Retailers want to control costs and risks, so they order their goodies as late as possible. But this year again, factories in Southern China might not be able to attract enough migrant workers to produce enough teddy bears on time.
China is now producing 53% of the shoes in the world, 50% of the textile products and 90 percent of the toys, so shifting production to a tiny country like Vietnam is only possible of a smaller part of the production.

Some of the experts on labor in China suggested to me that the relative shortage – last year the shortage was estimated to be slightly over two million workers – is also causing some profound changes in the way migrant work is being organized.
In the 1990s, I have been trying to set straight a number of visiting journalists and TV-crews who wanted to follow a poor father, sitting under the bare bulb lightening his poor hut with wife and children, preparing to leave for a tough job as a migrant in an evil city. Those romantic scenes were pretty scarce.
In most cases, migrant work was much more organized. The decision to go or not to go, and where to, was often made by lager groups, sometimes whole villages. Migrants would travel often in groups, as you can see at railway stations and other transportation hubs. As fellow villagers or family members established themselves at factories, they would take care of recruitment among their relatives back home.
At the factory gates relatives from the current workers would often get a preferential treatment, also because they would be easier to control: they would take the social structure of their home villages partly into the sweatshops of Guangdong and Fujian.

That informal way of recruiting people has been losing its attractiveness for those employers who no longer saw their factory gates swamped with new migrant workers looking for work. Part of the recruitment process is now going through a phase of professionalizing. Brokers, often in charge of a few hundred workers, would go around hiring migrant workers. They would also negotiate wages and benefits for the people they are recruiting.
Partly that kind of labor exchange has been organized through a governmental licensing system, but not surprisingly, much of this is also done without official licensing. In both ways, that could be the beginning of an early system of collective bargaining.
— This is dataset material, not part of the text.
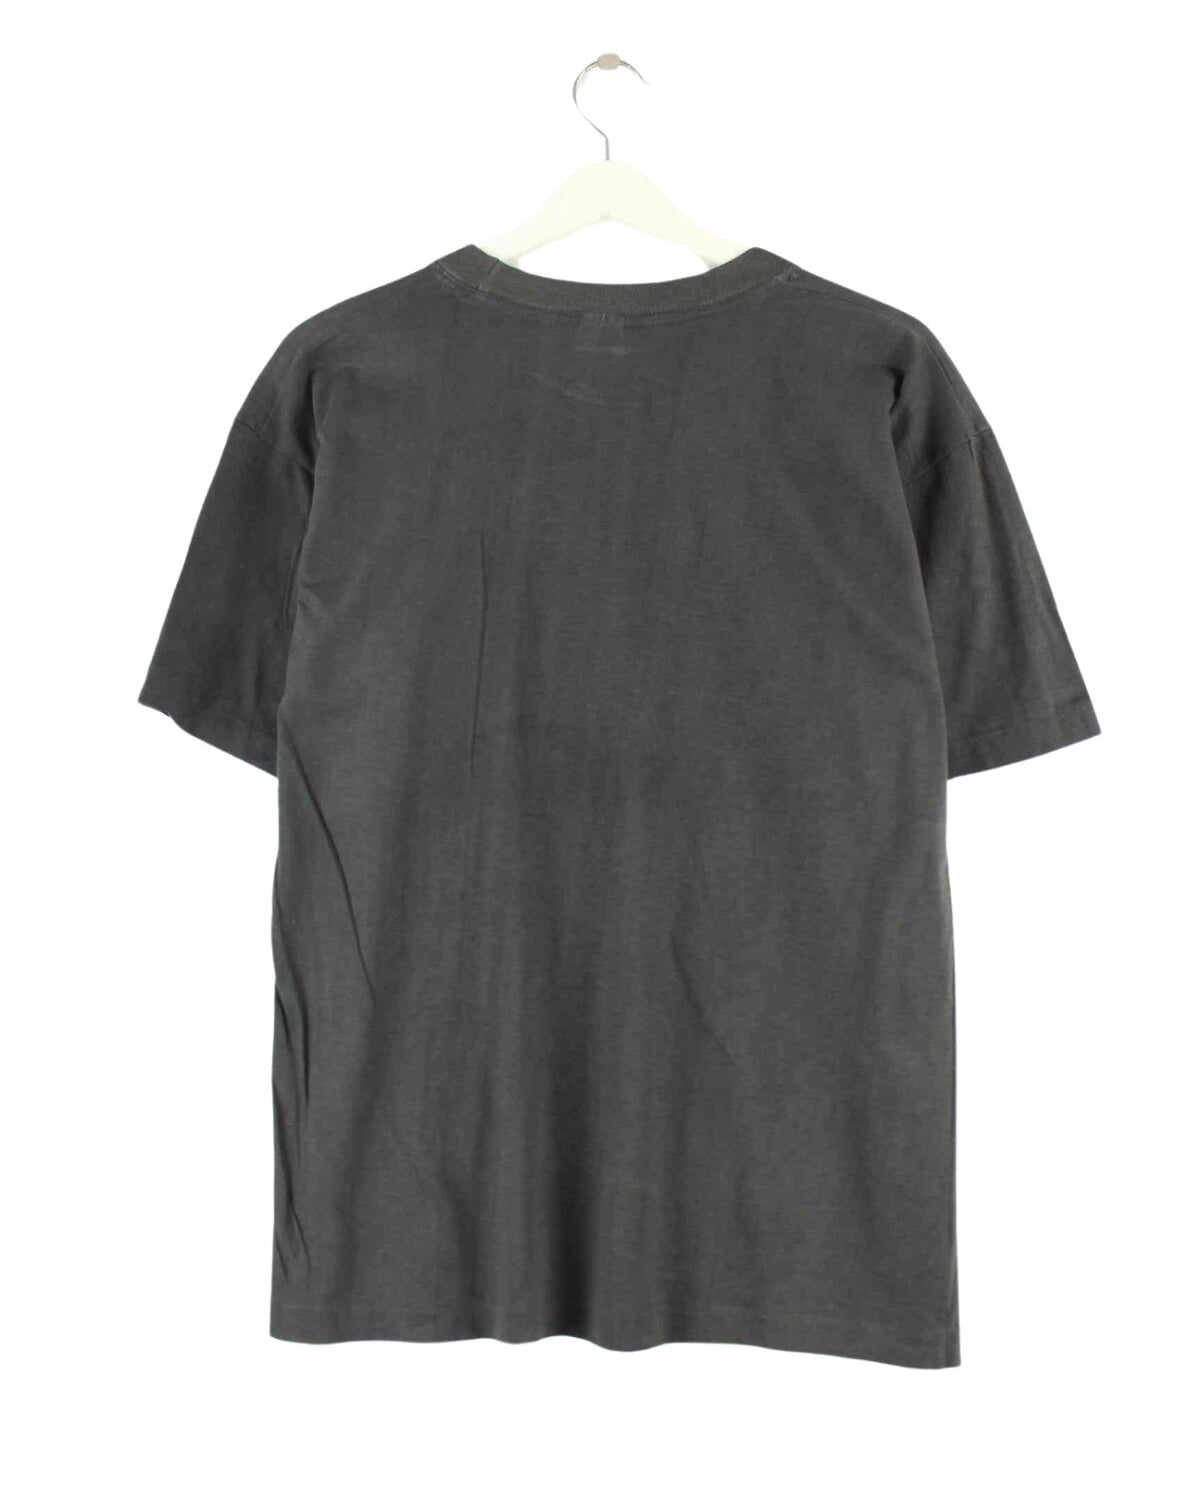 Vintage 90s Costa Del Sol Single Stiched T-Shirt Grau S (back image)
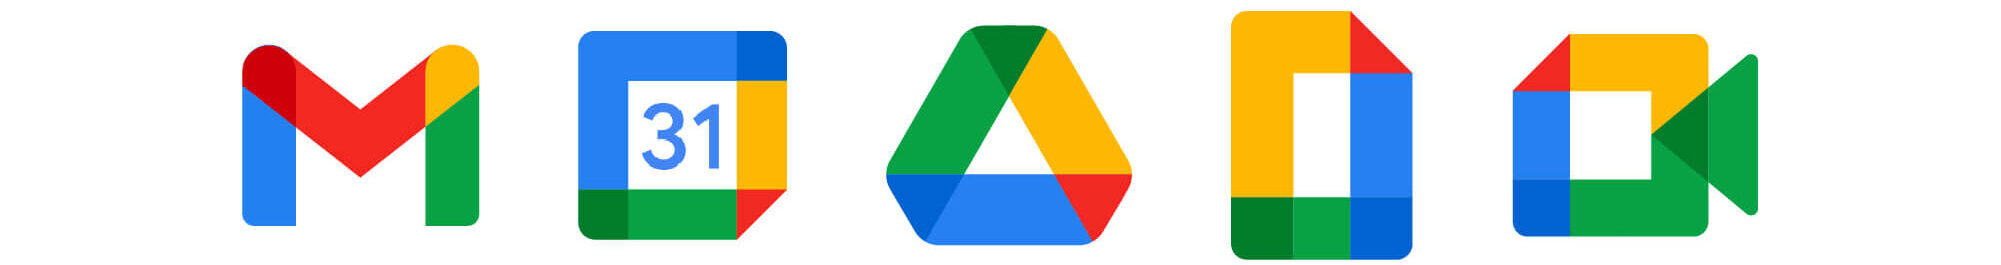 Google workspace apps

The only allowed Chinese trade union, the AFCTU – the All China Federation of Trade Unions – did get recently some media coverage as it got chapters organized at stores of the firmly anti-union company Wal-Mart. Despite all that coverage, this action looks very much like window-dressing. After Wal-Mart refused to set up trade unions, it would mean severe loss of face for the AFCTU is they would not have pressed for action against Wal-Mart.
Compared to the bureaucratic Moloch of the official trade union, the grass-root organization for migrant workers seems more interesting, both for employers looking for workers, and for the government, trying to organize the labor market. At this stage it would be too early to where the migrant workers would end in the equation.